Философ отчаянно пытался вернуть себе душевную свободу, но не мог. Никакие видения не выколдовывались у него, кроме видений страха. Исчадия мрака захватили его, фантастические ужасы толпились повсюду: они из темноты проникали в его глаза и далее в глубь его существа, и так дух его, как и фантазия, оказался в плену; Философ понял, что он действительно попал в тюрьму.

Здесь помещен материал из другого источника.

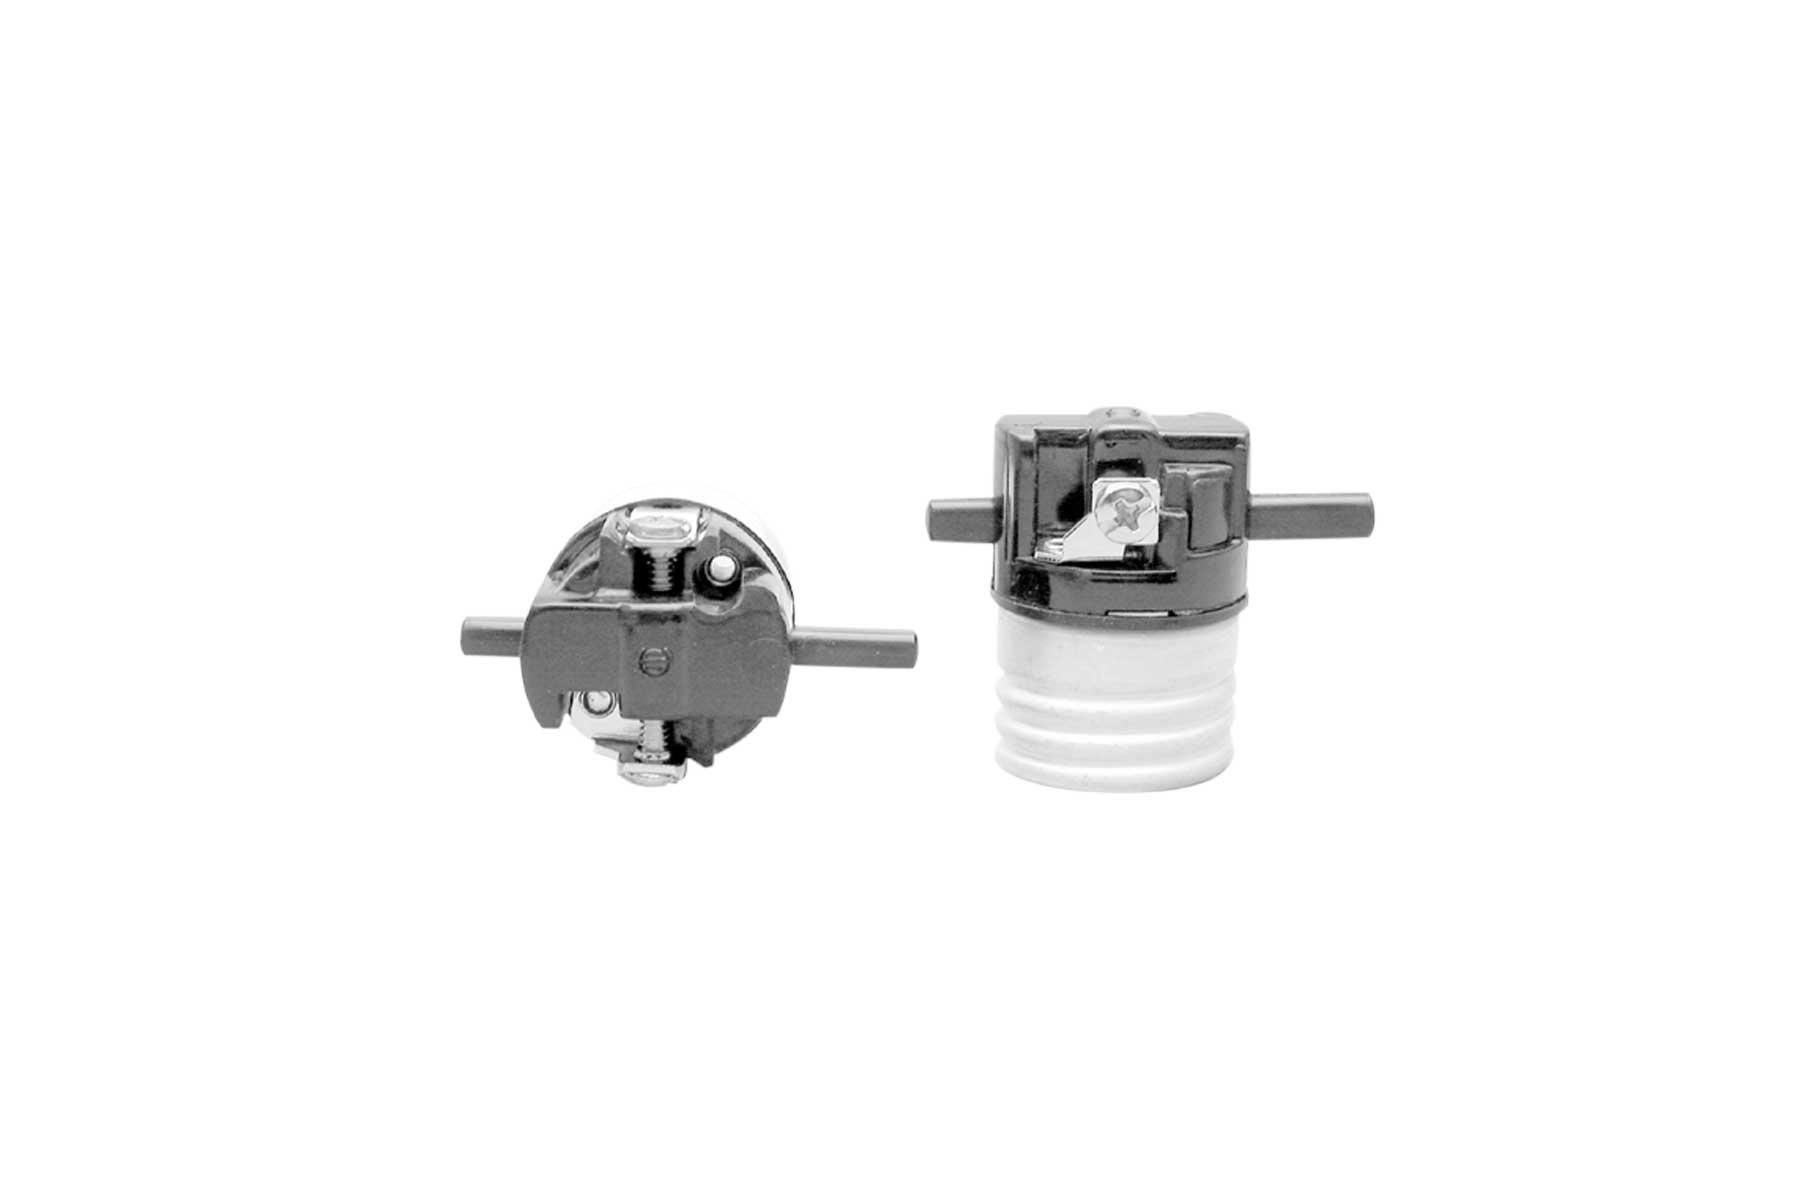 Push Thru Electrolier Screw Terminal for Medium Base Incandescent Light Socket Interior Mechanism
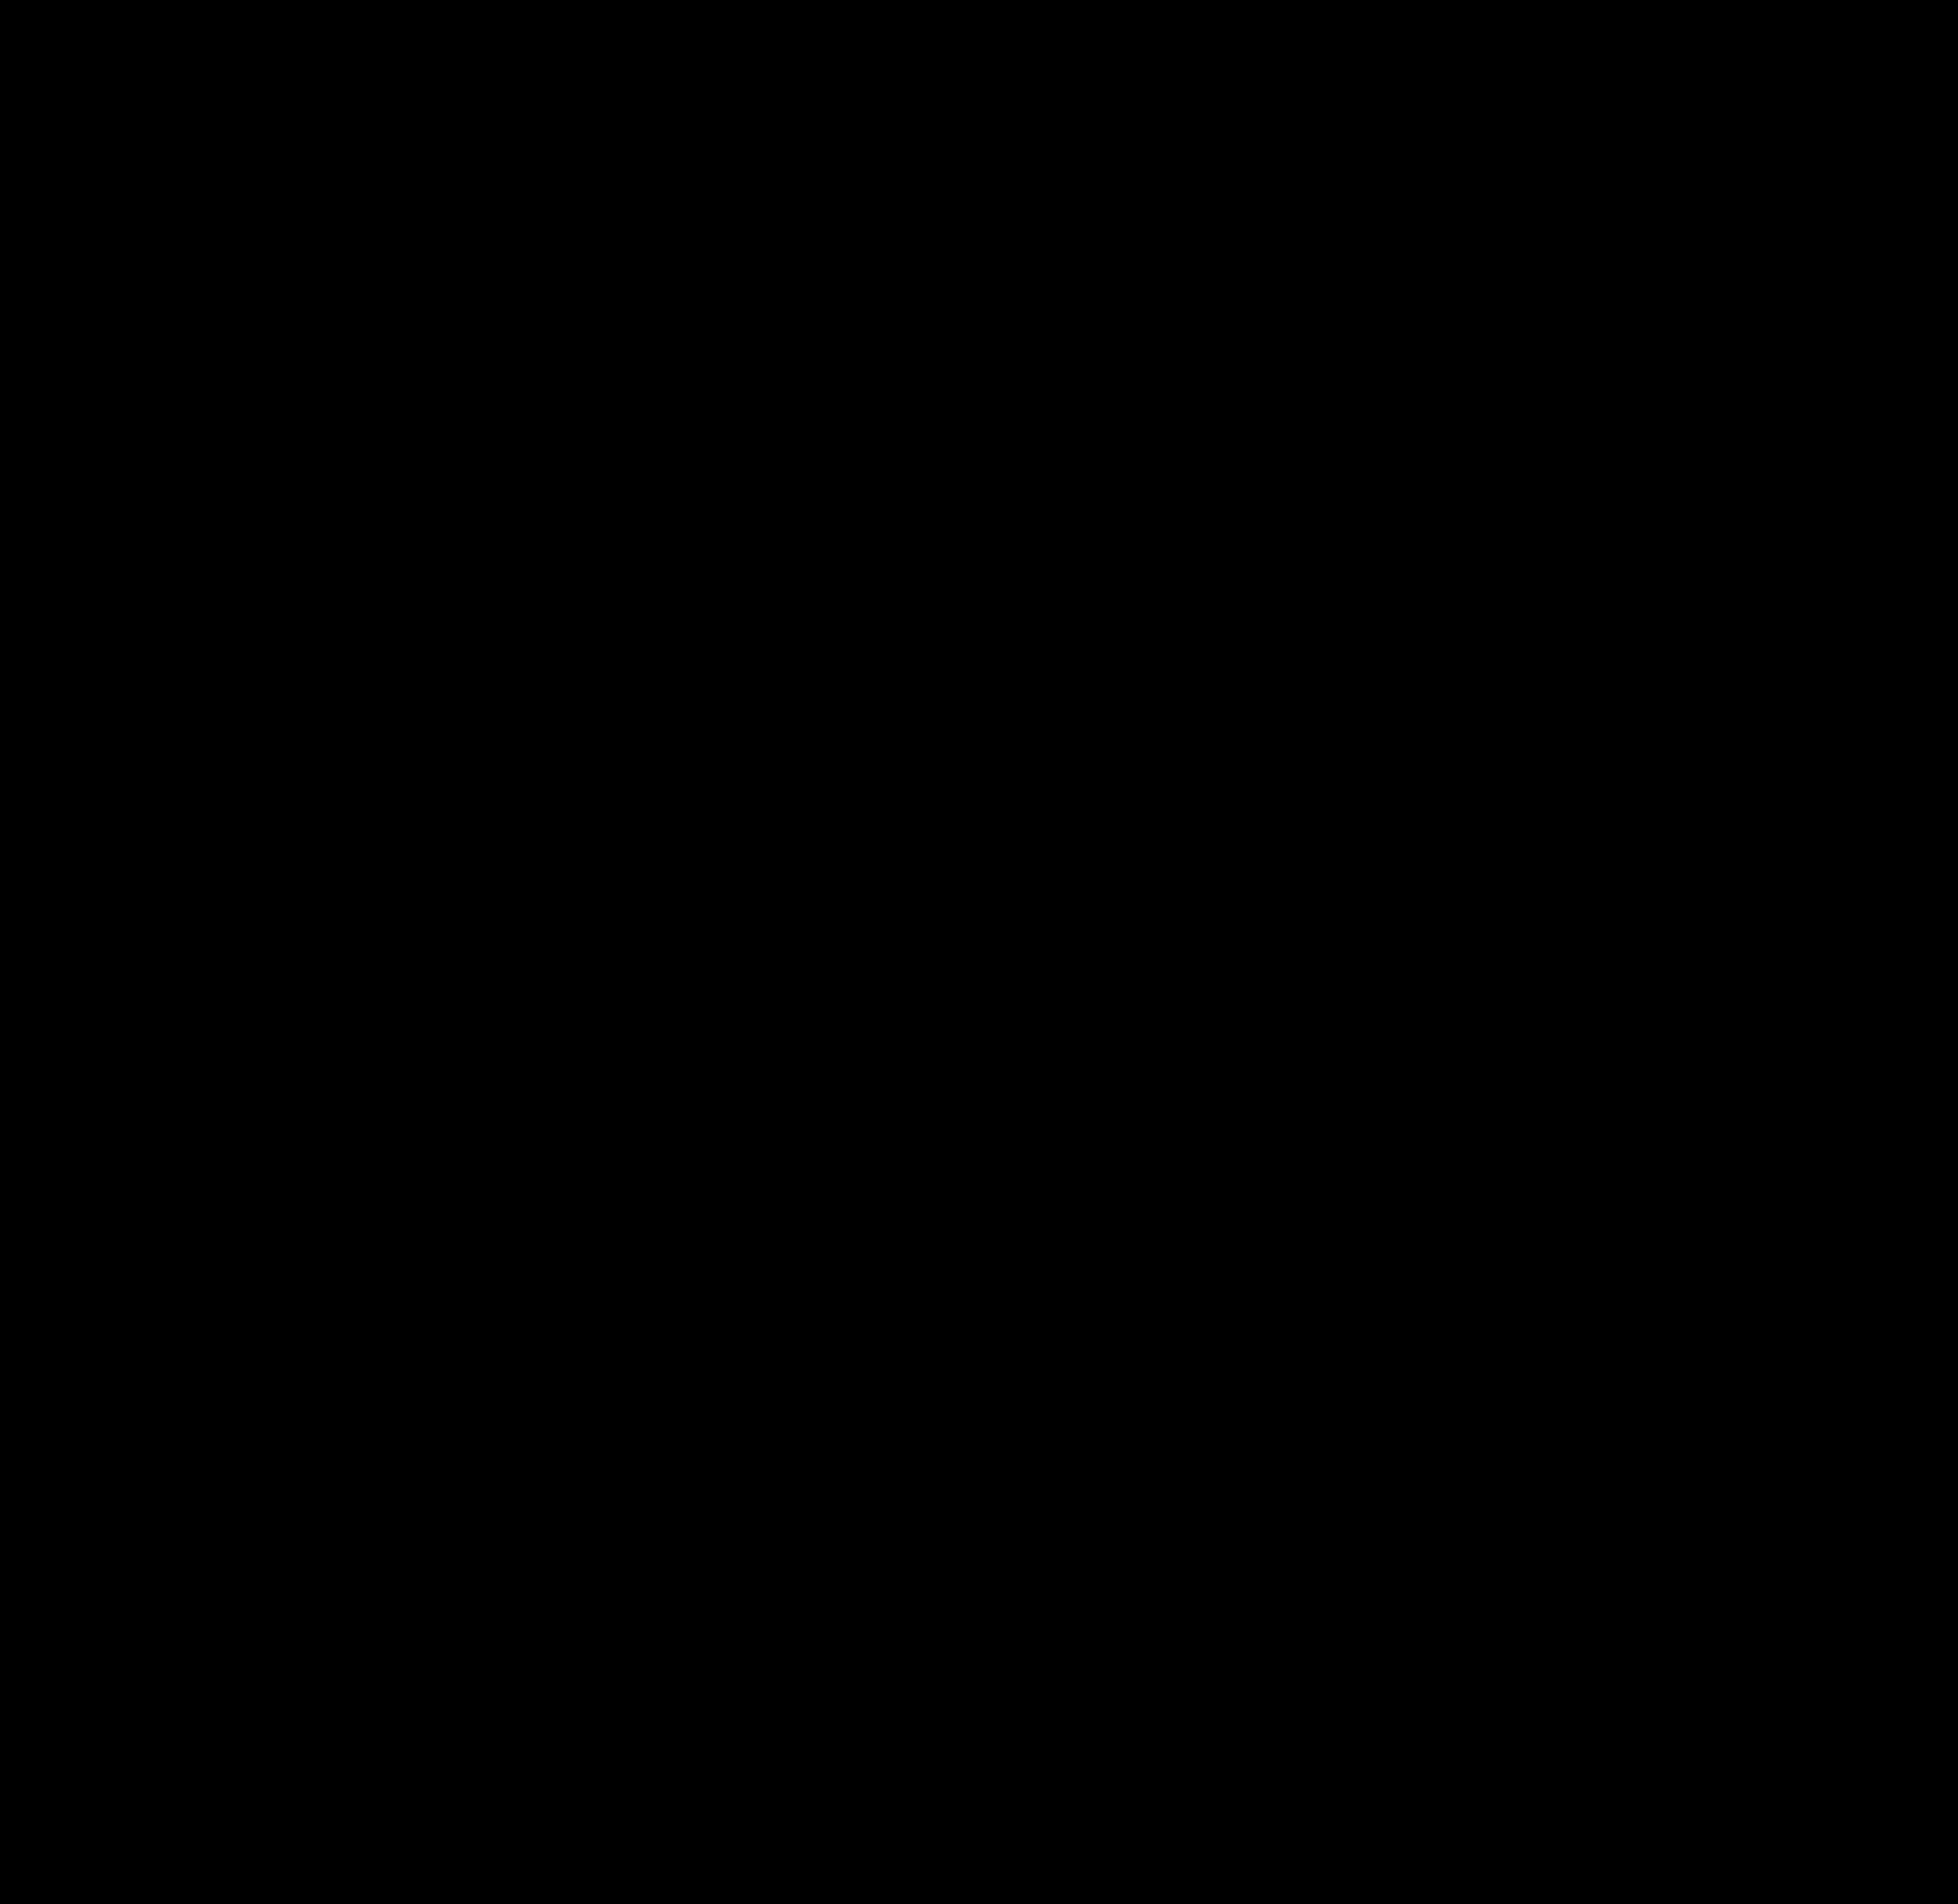 2000x1945 Adidas Logo Png

С огромным изумлением Философ вдруг услышал голос, говоривший в тишине - огрубевший, но владевший собою голос, - но никак не мог понять, кто из его соседей заговорил. Ему привиделся этот человек, чей ум мучится, заключенный во мраке, силясь вырваться из кольца призраков и скользких врагов, подстрекаемый к речи вопреки самому себе, чтобы не затонуть и не подпасть окончательно под власть демонов бездны. Некоторое время голос говорил о превратностях жизни и о жестокости людей к своим ближним бессвязные фразы, бессмысленные слова жалости к себе и самовоодушевления - а затем речь стала более связной, и в темной камере развернулась такая история:
- Я знал одного человека, - заговорил голос, - он служил в конторе. Получал тридцать шиллингов в неделю и за пять лет ни разу не прогулял ни единого дня.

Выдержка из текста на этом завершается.